**EXERCISE DETAILS**:
Every line from the one with "View from Yock" to the end of the listing, and nothing else, is to be printed exactly; please leave the pictures out.

**SUPPLIED DATA**:
+--

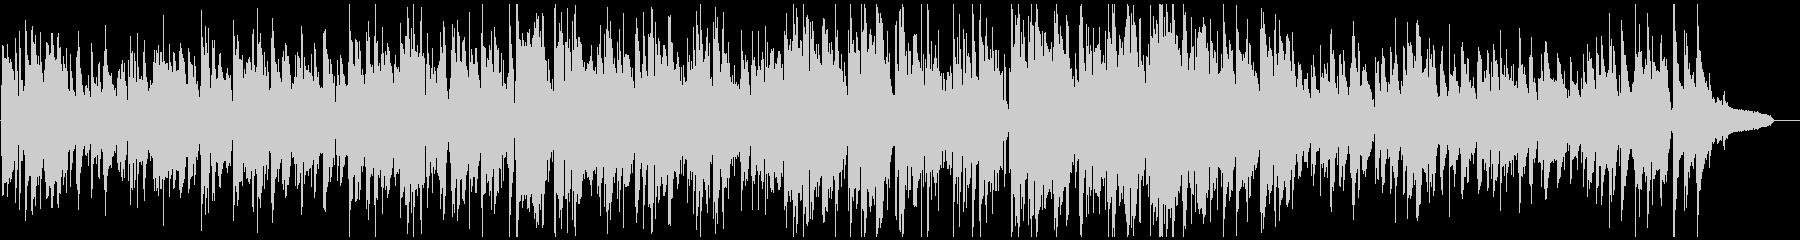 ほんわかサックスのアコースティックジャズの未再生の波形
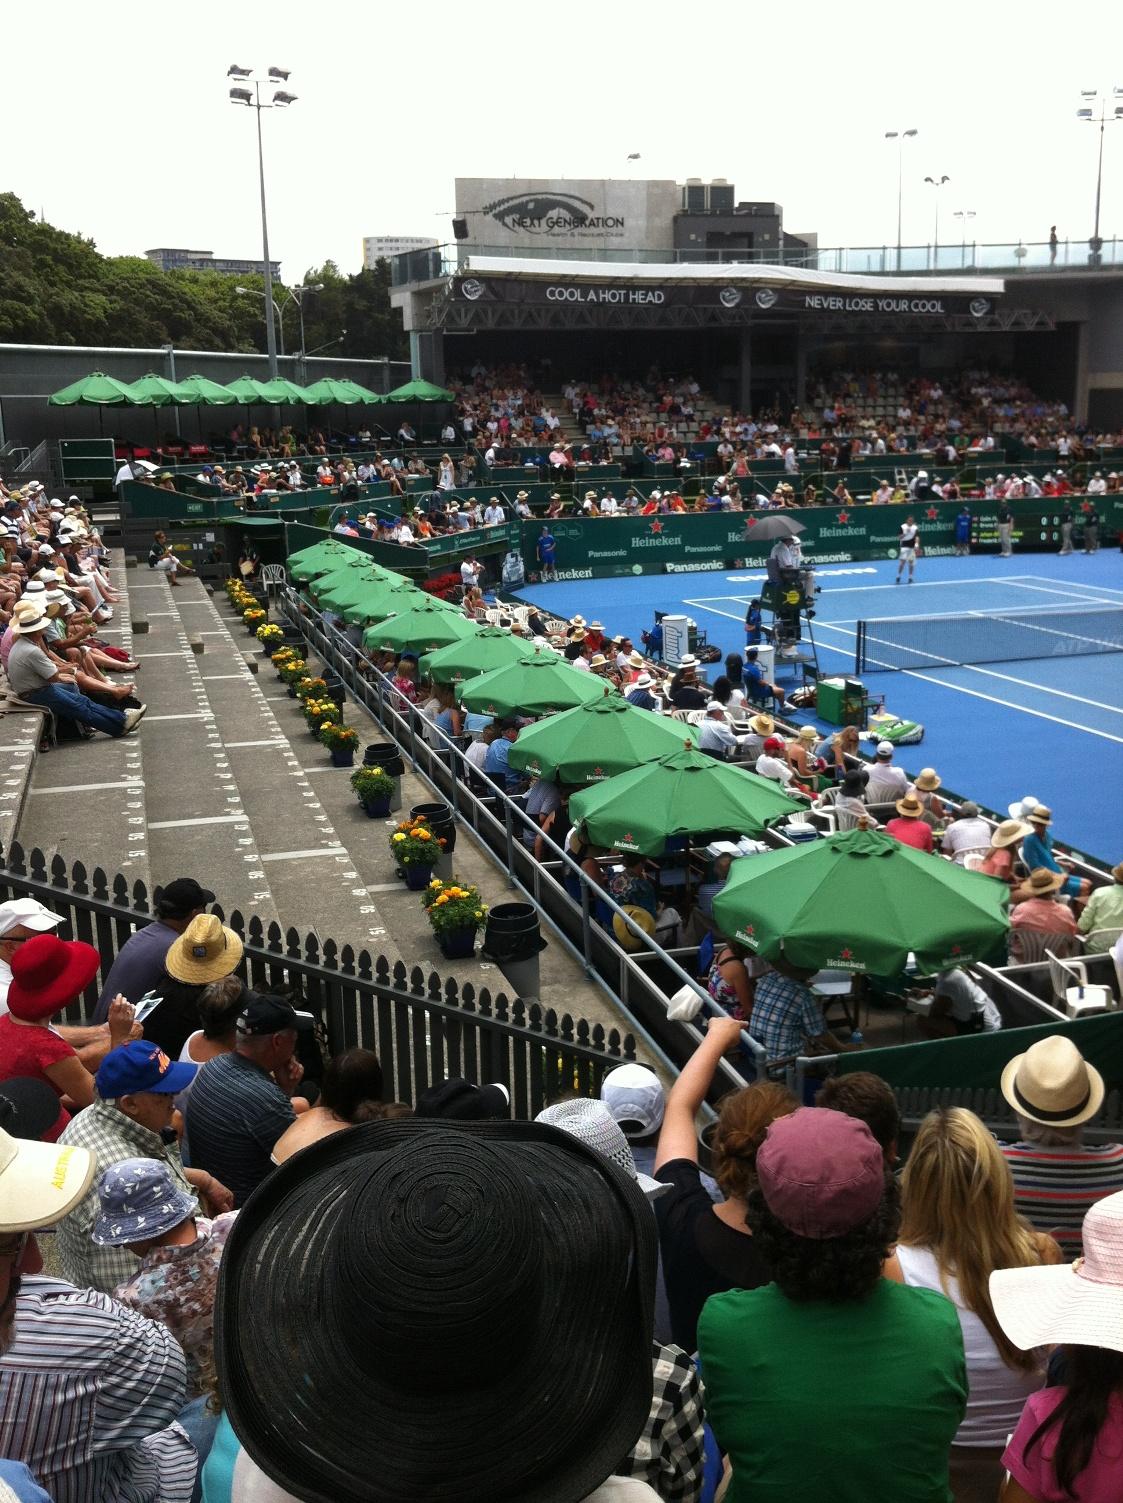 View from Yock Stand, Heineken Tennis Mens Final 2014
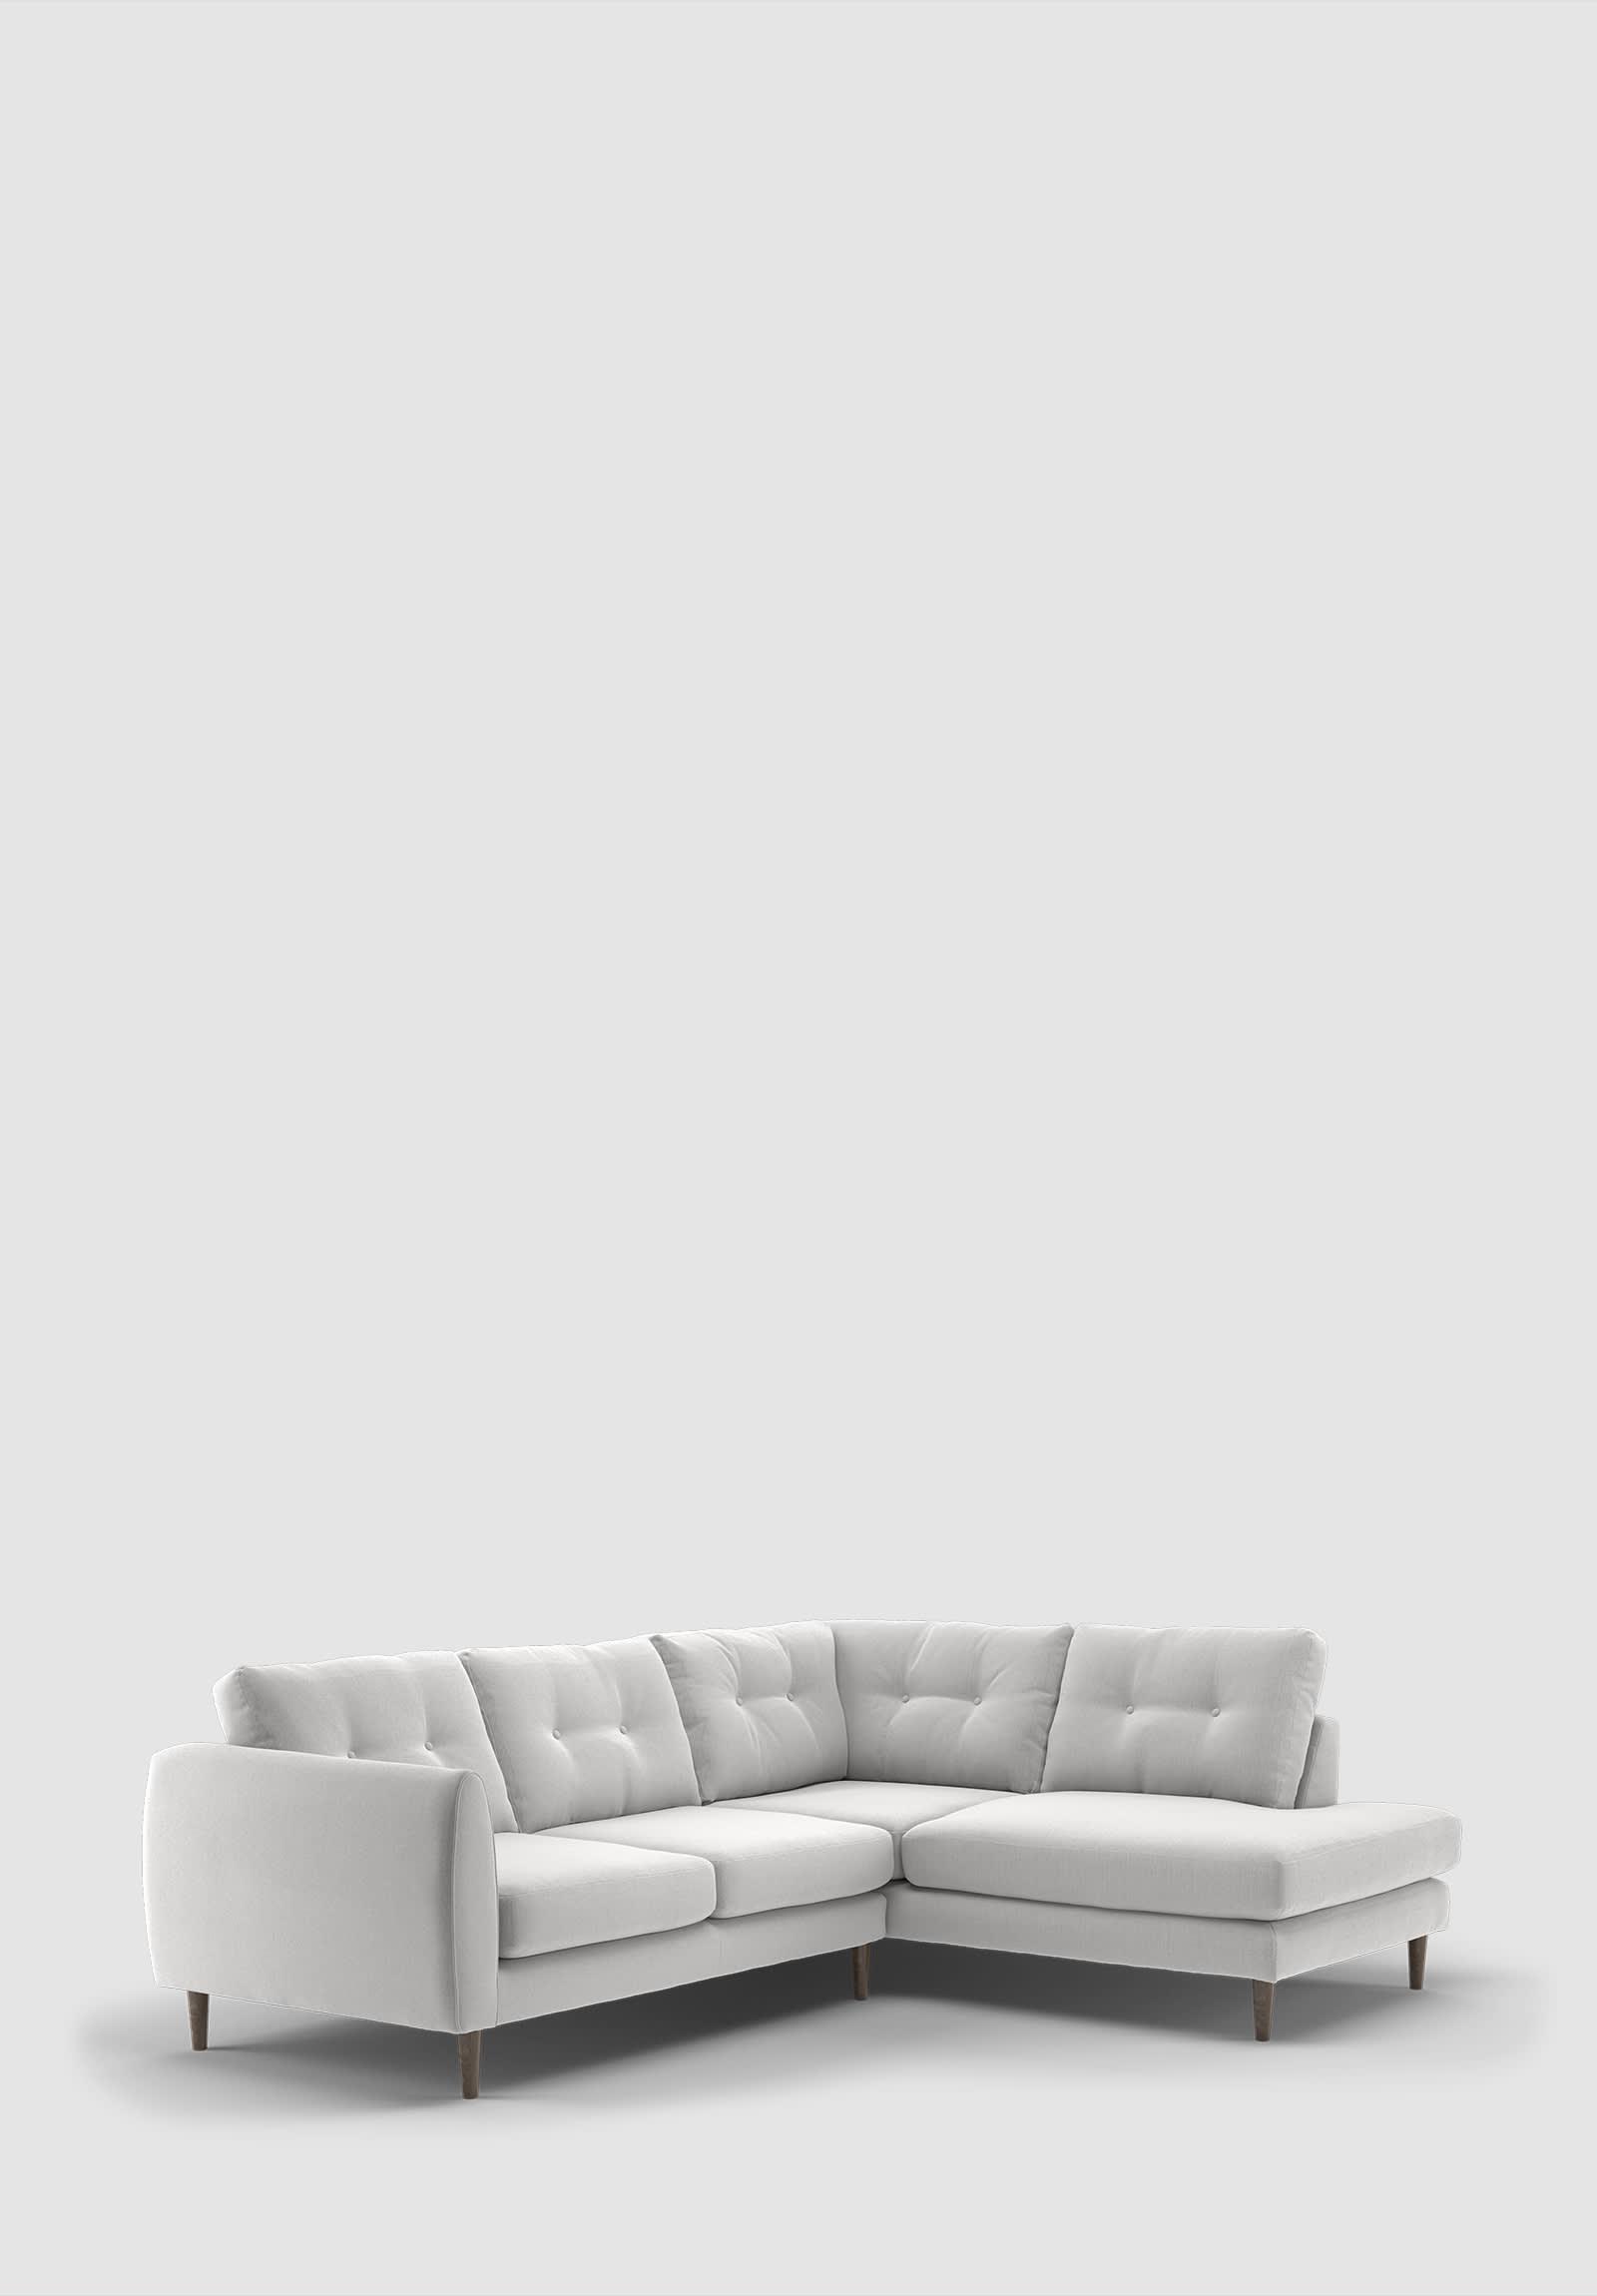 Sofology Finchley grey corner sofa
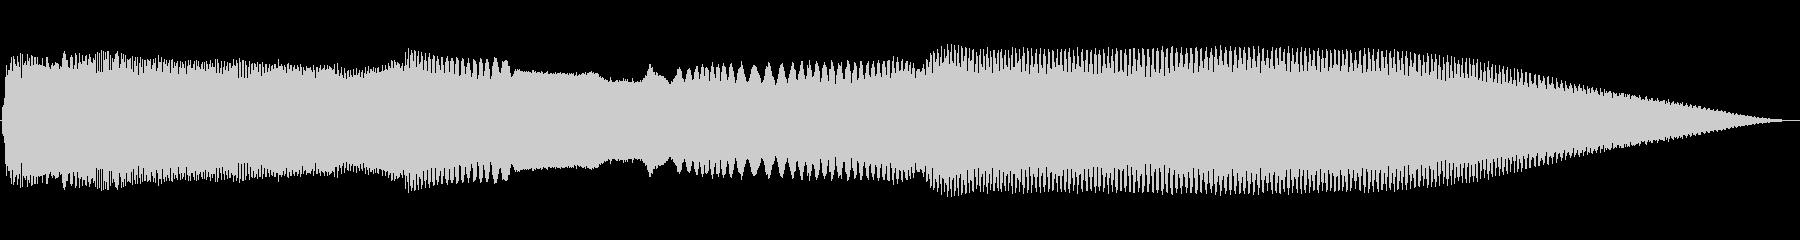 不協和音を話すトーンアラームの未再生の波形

+--

**EXERCISE OUTPUT**:
 View from Yock Stand, Heineken Tennis Mens Final 2014
 Sofology Finchley grey corner sofa
 不協和音を話すトーンアラームの未再生の波形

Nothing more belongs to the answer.